DESCRIPTION OF THE TASK
Your reply should contain nothing except the lines from the one with "Sitenize yasal gereklilik" through the end of the listing below, reproduced exactly and stripped of pictures.

SOURCE DATA
******************************

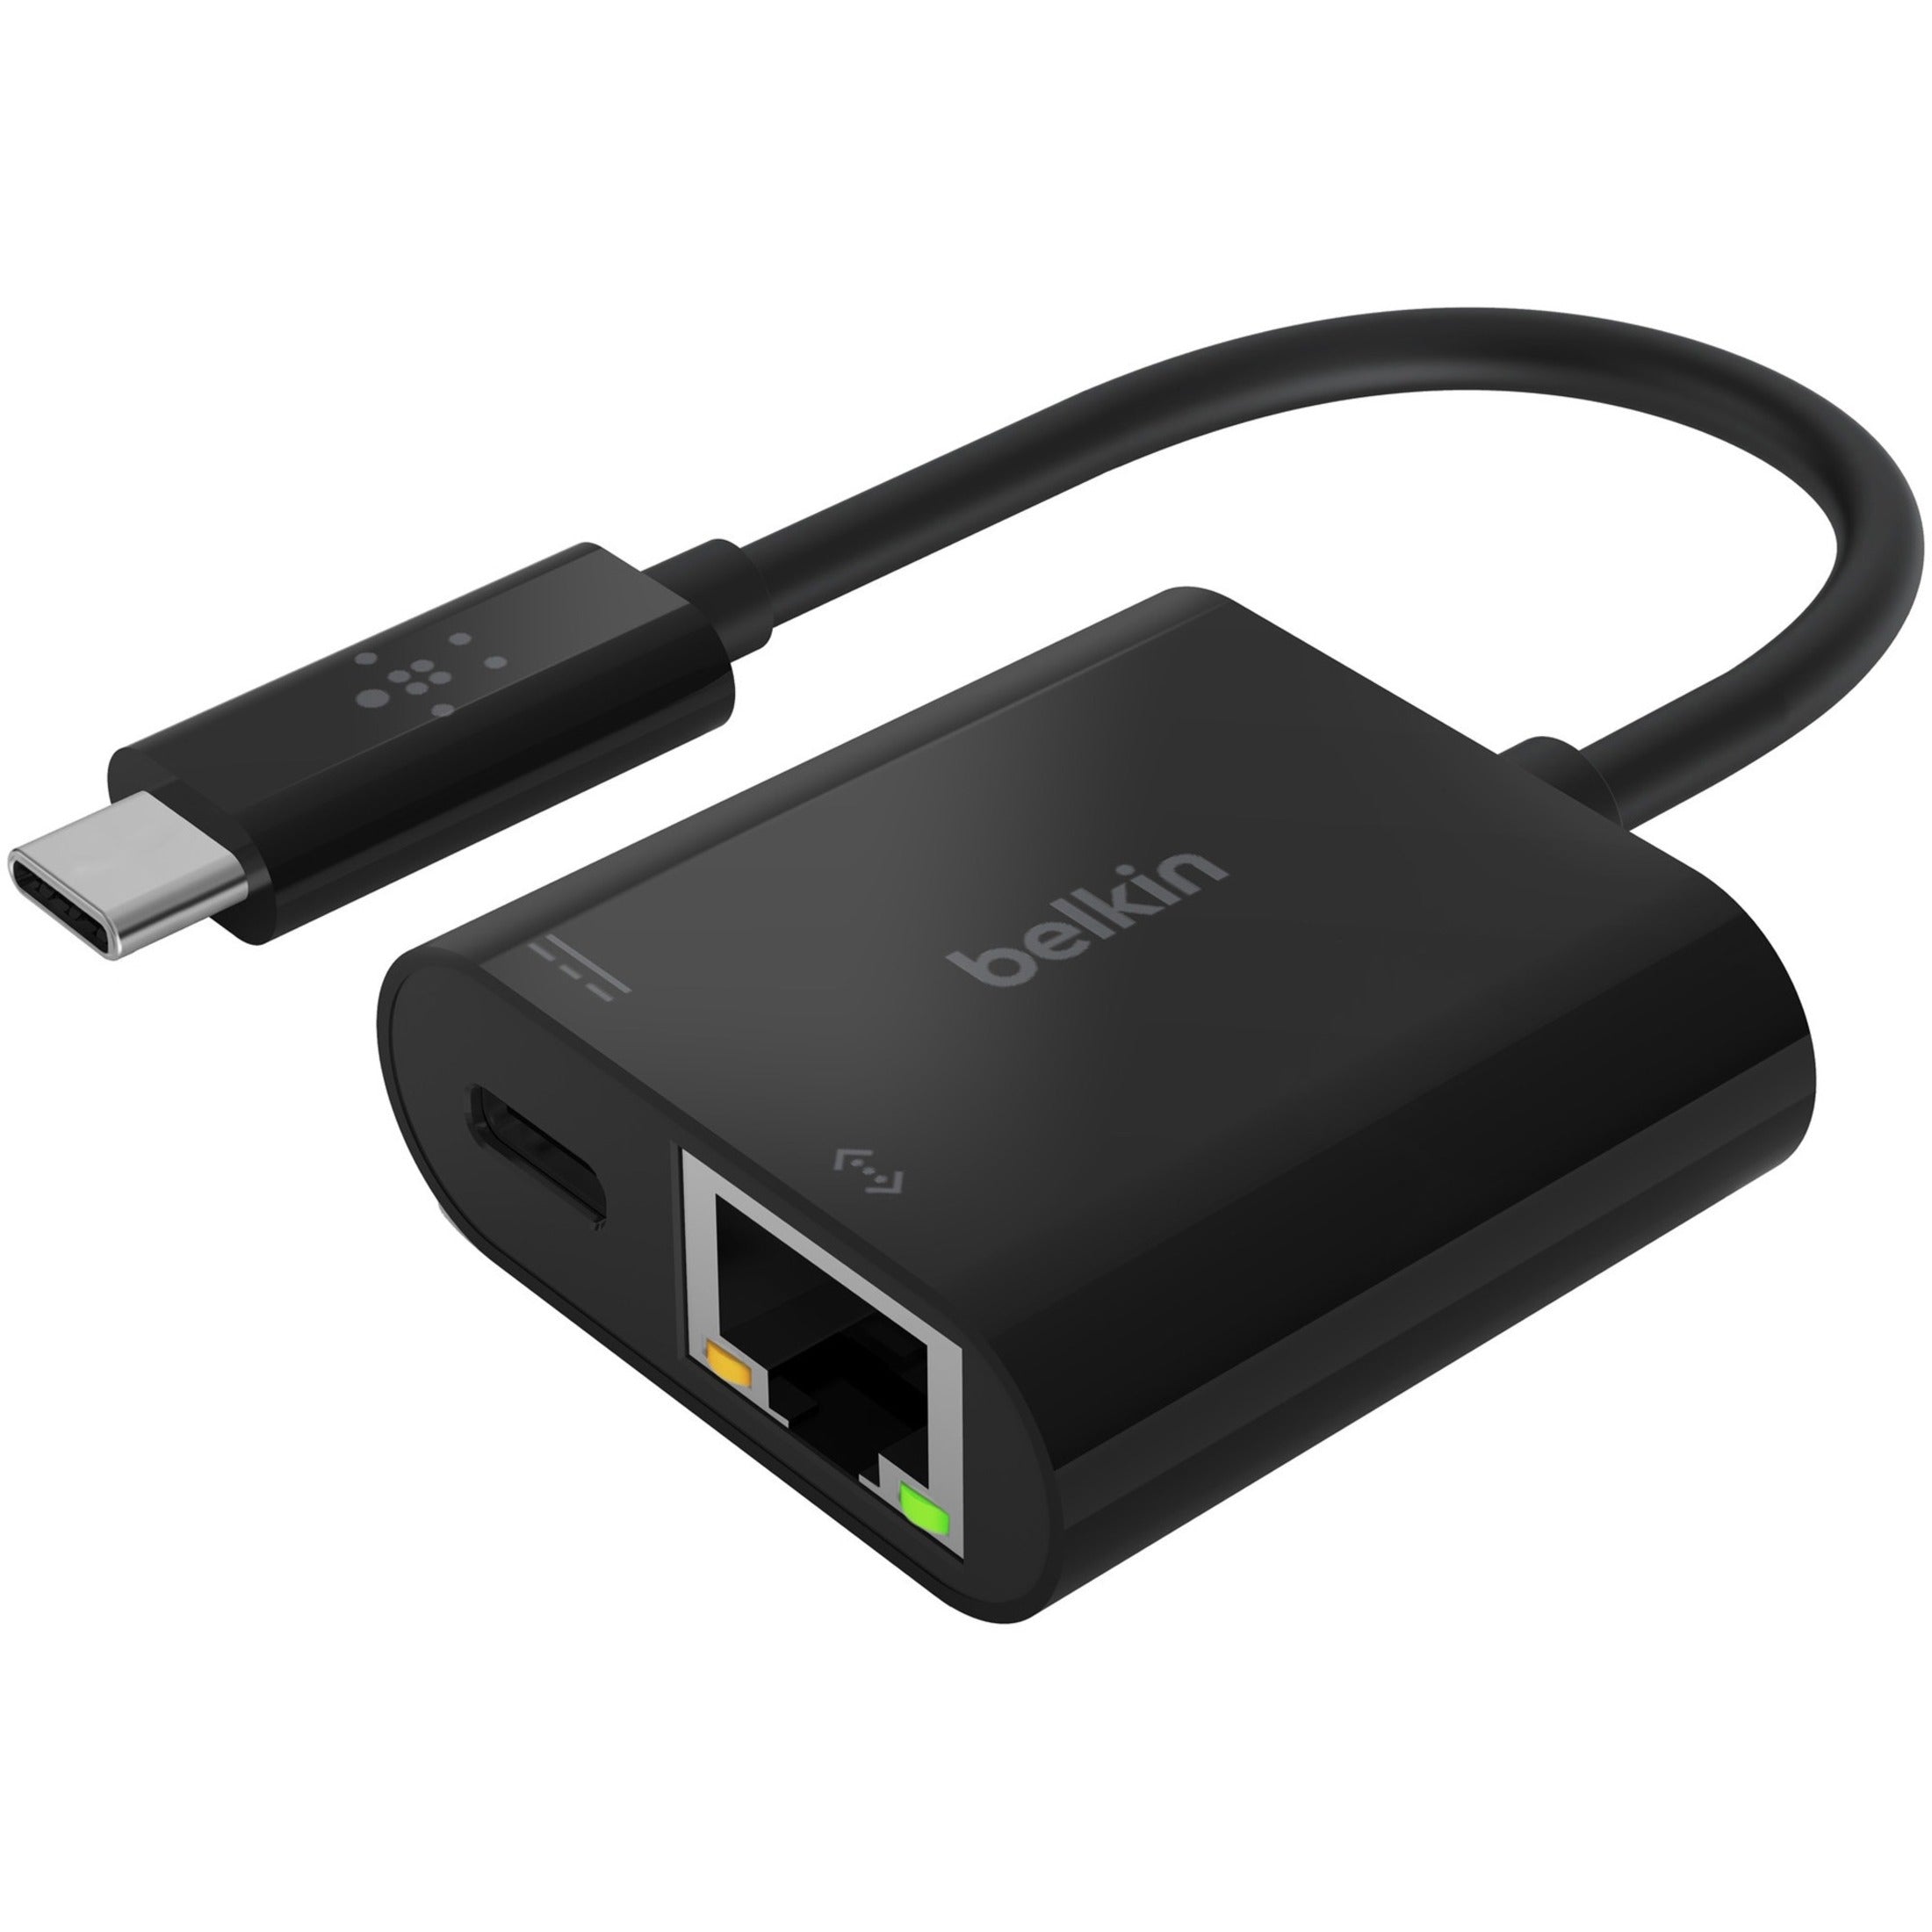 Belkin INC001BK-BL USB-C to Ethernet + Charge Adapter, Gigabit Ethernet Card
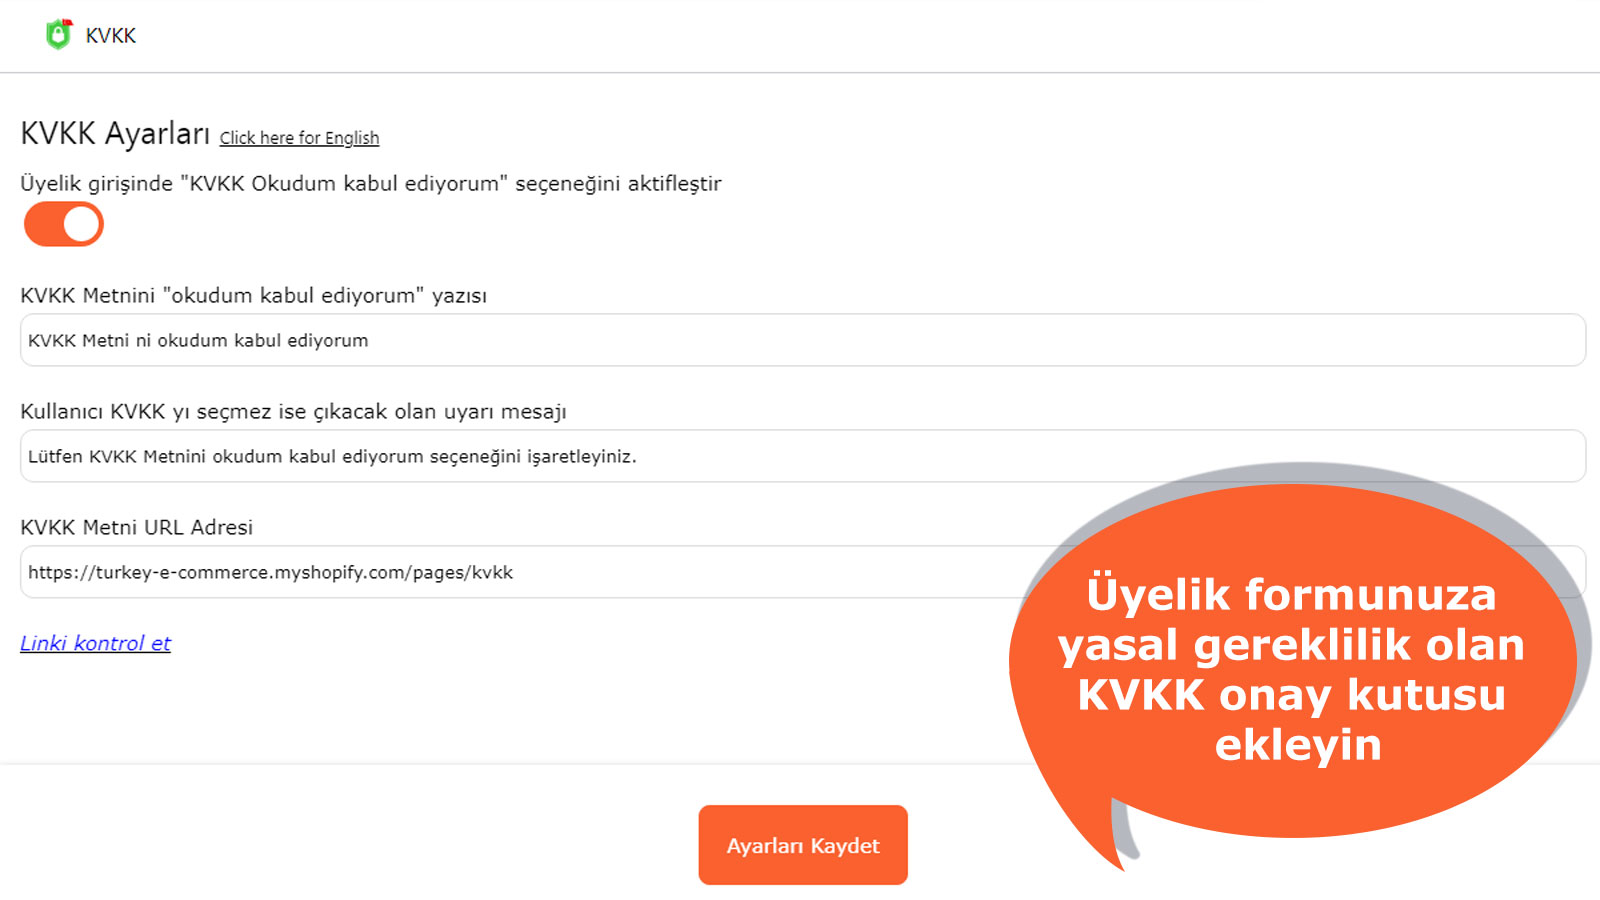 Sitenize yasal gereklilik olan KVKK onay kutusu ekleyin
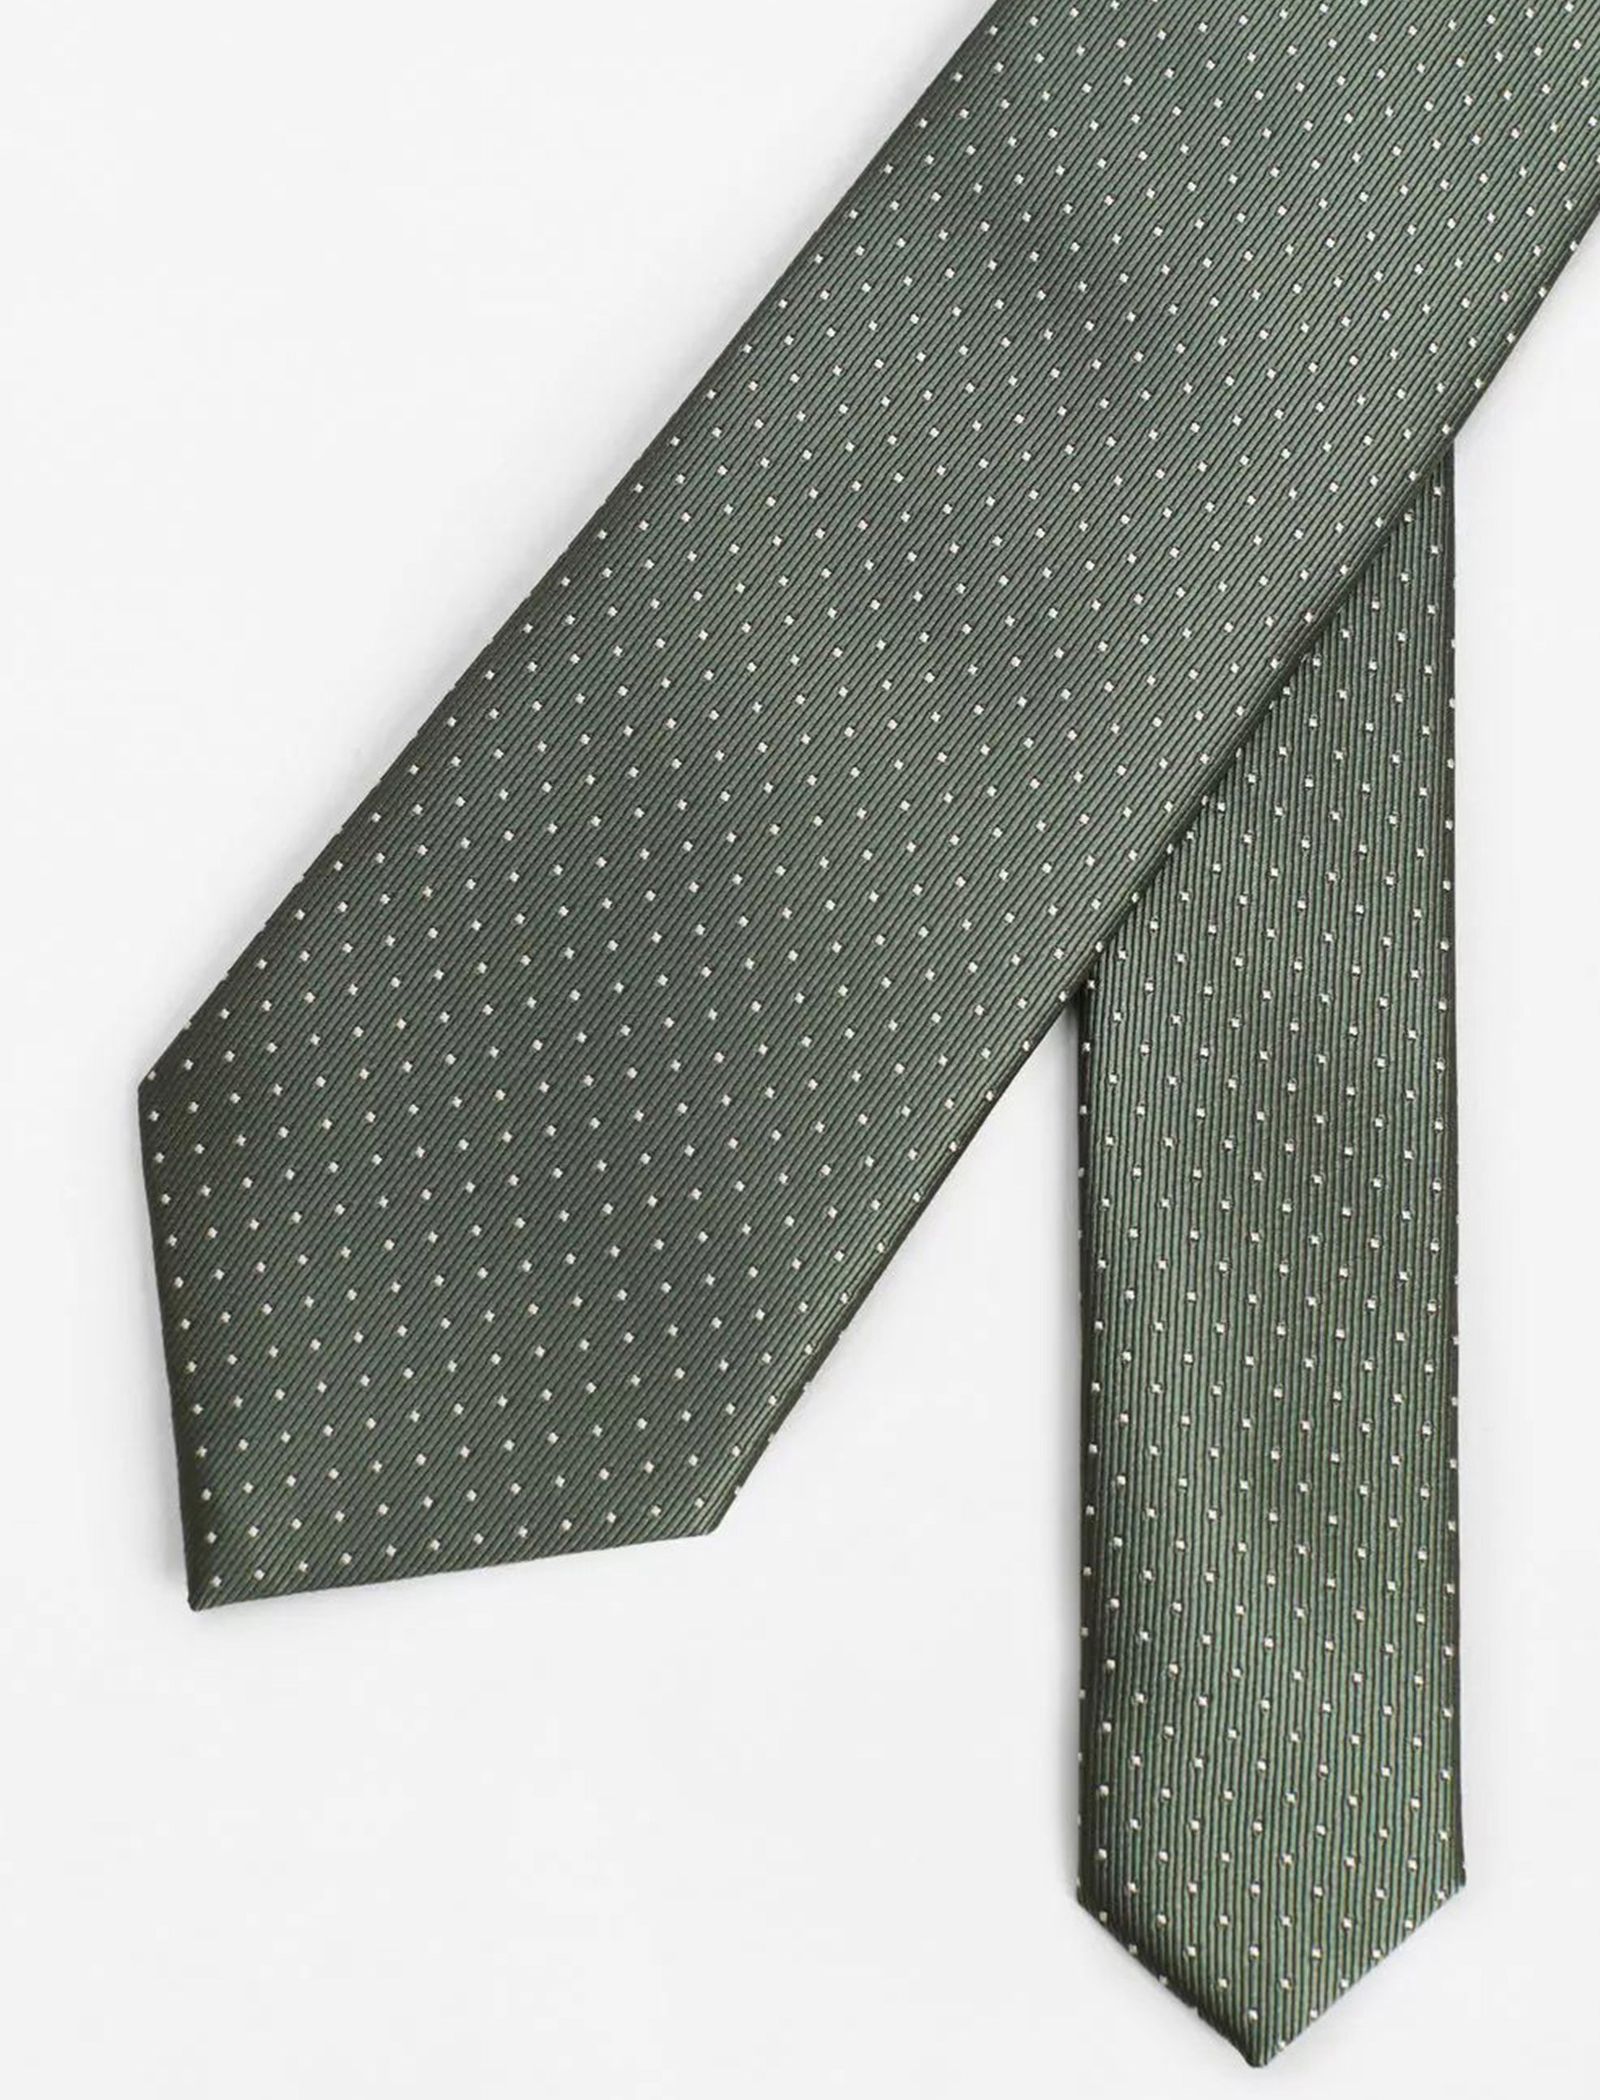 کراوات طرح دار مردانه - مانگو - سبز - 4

******************************

EXERCISE OUTPUT
 Sitenize yasal gereklilik olan KVKK onay kutusu ekleyin
 کراوات طرح دار مردانه - مانگو - سبز - 4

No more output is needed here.